Who Is Impacted by FedEx Rate Increases
While FedEx surcharge increases seem excessive, not all individuals and businesses will be seriously impacted by the increased 2023 rates. The new rates will mostly impact shippers who meet the following criteria:
- Package Size: Shippers who frequently send large or heavy packages will be significantly impacted.
- Shipment Zones: Customers who send packages to remote regions or other impacted shipment zones will be heavily affected by rate changes.
- Returns and Late Fees: Shippers who frequently incur return and late fees will face higher costs.
- Residential Shipping: Individual, non-business customers sending small shipments to residential addresses will notice an increase in shipping costs.
The Silver Lining
There is a silver lining. Not all delivery options will incur higher fees, and there may be ways for businesses to offset prices such that rate increases have minimal impact on their customers.. As of yet, FedEx has opted not to increase delivery and return fees for ground economy shipping. Lighter and more sustainable packaging increases are predicted to remain consistent, far less than last year, and may be less expensive overall.

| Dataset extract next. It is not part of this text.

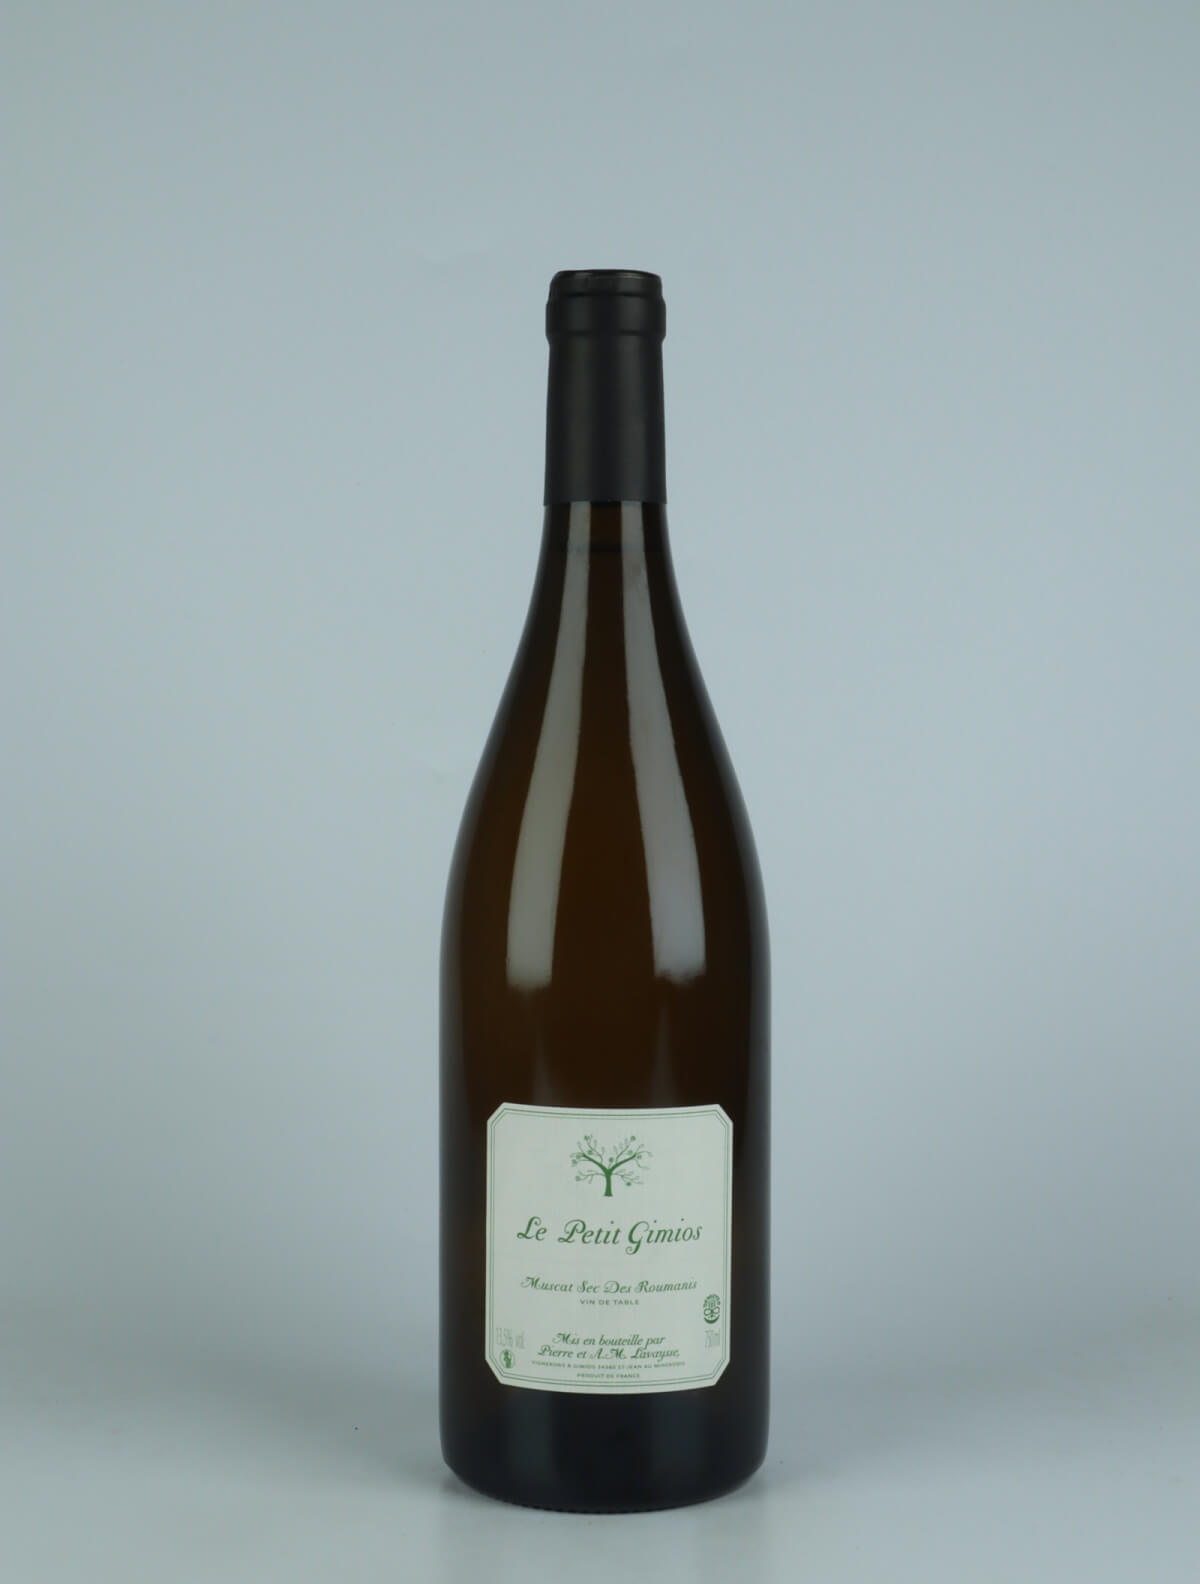 A bottle 2021 Muscat sec White wine from Le Petit Domaine de Gimios, Rousillon in France

The cheapest way to ship in 2023 will be by using small, light, and easy-to-handle packages that travel short distances to non-residential addresses.
Sustainable (And Reusable) Packaging
FedEx is pushing sustainable packaging processes in response to the COP26 climate summit. All FedEx branded envelopes are carbon neutral and made of 100% recycled paperboard. FedEx is promoting sustainable packaging use by investing in climate degradation offsets for every sustainable envelope shipment at no cost to the customer.
FedEx has stated that they want their customers ‘to ship more efficiently and use the least packaging possible.’ For this reason, they price dimensionally based on volume. The smaller the packaging, the more packages per vehicle and thus, the less fuel used. Customers can use light, sustainable packaging to offset the increased surcharges and fees coming in 2023.
Rates Are Not Set in Stone
Keep in mind these are announcements of future changes. They are not yet set in stone and the impact on shippers may not be as steep as predicted. In some past years, the actual increase has been less than previously announced.
Another way organizations can protect their bottom line from increased rates in 2023 is to negotiate their shipping contract. While FedEx has the upper hand in negotiations, all aspects of the contract can be negotiated. It certainly can’t hurt to try! Be sure to do your due diligence and be prepared with a plan and appropriate pitch to increase your chances of success.